Using harmonic analysis in CAESAR II to solve vibration problems, your goal is typically to simulate the observed problem so that you can:

1)determine the extent of the problem (eg. stress, forces), and

2)if a problem exists, try to solve the problem on the comuputer and then apply the solution in the field.

Harmonic analysis requires an excitation frequency and a magnitude (in CAESAR II, the magnitude is either force or displacement. In the case of flow-induced vibration, you want to use the Force input, as you have noted).

There are several force/excitation frequency combinations that will generate the same system response, and ideally, you want to get as close to the correct combination as possible (i.e. the correct excitation frequency, and the correct force magnitude).

If you measure the frequency at which the observed vibration occurs, this will correspond to the excitation frequency. This will allow you to apply various force magnitudes at this frequency, scaling up or down until you observe the same system response on the computer as is observed in the field.

If you do not know the excitation frequency, a common calculation predicts a range of 0.2*V/D to 0.3*V/D, (ft/sec * ft, or in/sec & in units). V=fluid velocity, D=venturi dia.

Outside of expensive software simulations, I don't know of a method of calculating the force, but I would suggest that you guess at what seems like a reasonable force magnitude, and apply a range of excitation frequencies (per the above equation), seeking the same system response as in the field.

Perhaps you can restrain the point of application of the load and somehow measure the force applied to the restraint.
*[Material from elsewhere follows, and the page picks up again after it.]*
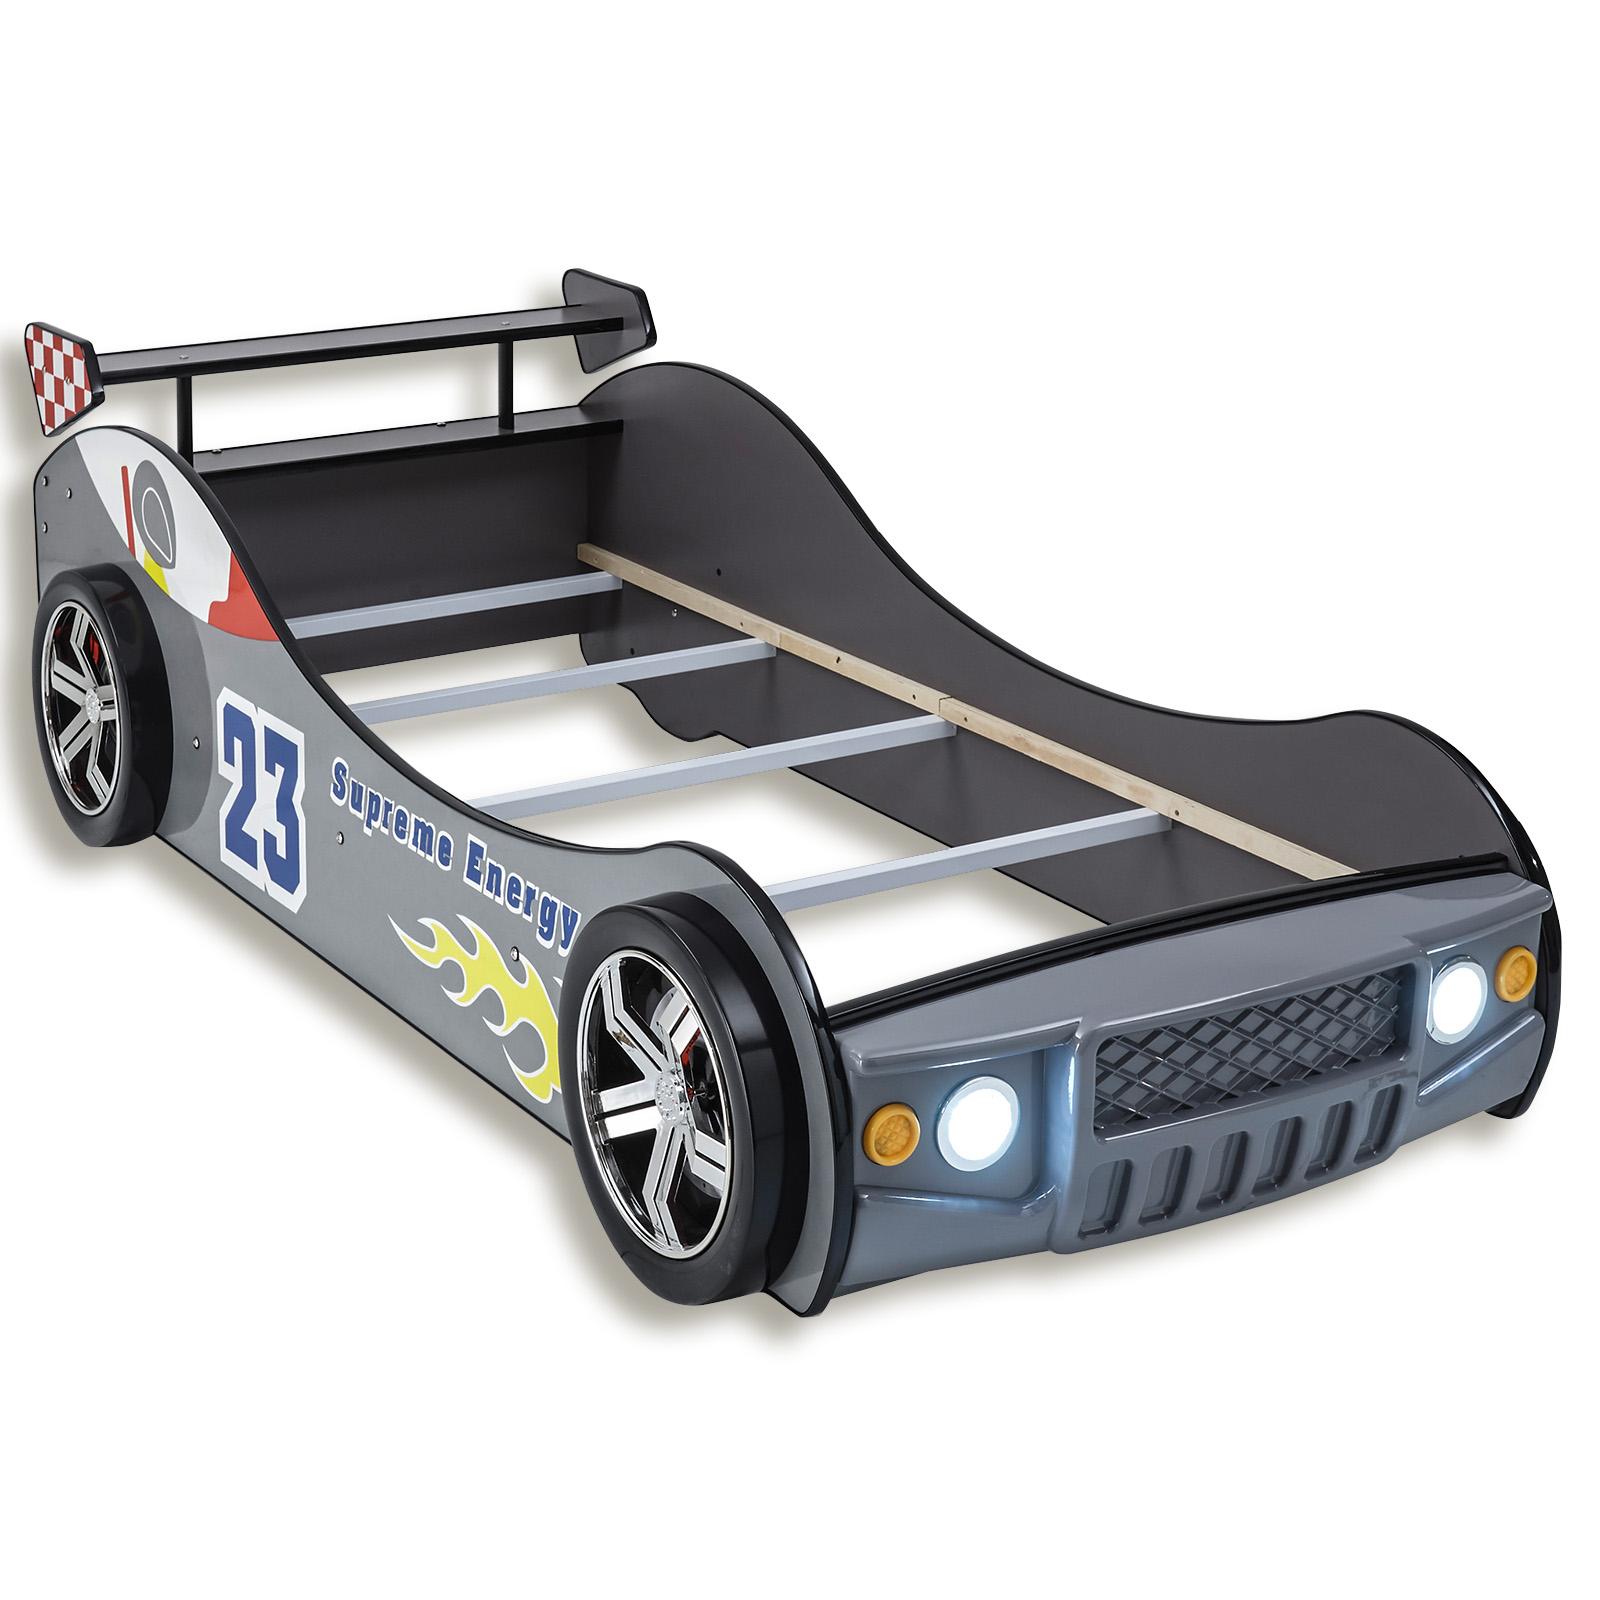 Autobett Silber Mit Beleuchtung 90x200 Cm

This may give you a good estimate of the magnitude of the force, but I don't think it is necessary.

Long answer to your simple question; should give you a good start.

Note 1: Vortex shedding is normally considered to be caused by flow around an object (such as wind flowing around a pipe), and the excitation frequency for this is typically estimated by 0.18*V/D to 0.2*V/D.

Note 2: Try to make your model as accurate as possible, stiffness and mass-wise. Extra nodes should be added along straight runs of pipe to help CAESAR II calculate more accurate natural frequencies. This can be done quickly using the Break feature.

Note 3: Non-linear effects (such as opening and closing of a restraint gap during a dynamic event) is not considered by pipe stress programs such as CAESAR II.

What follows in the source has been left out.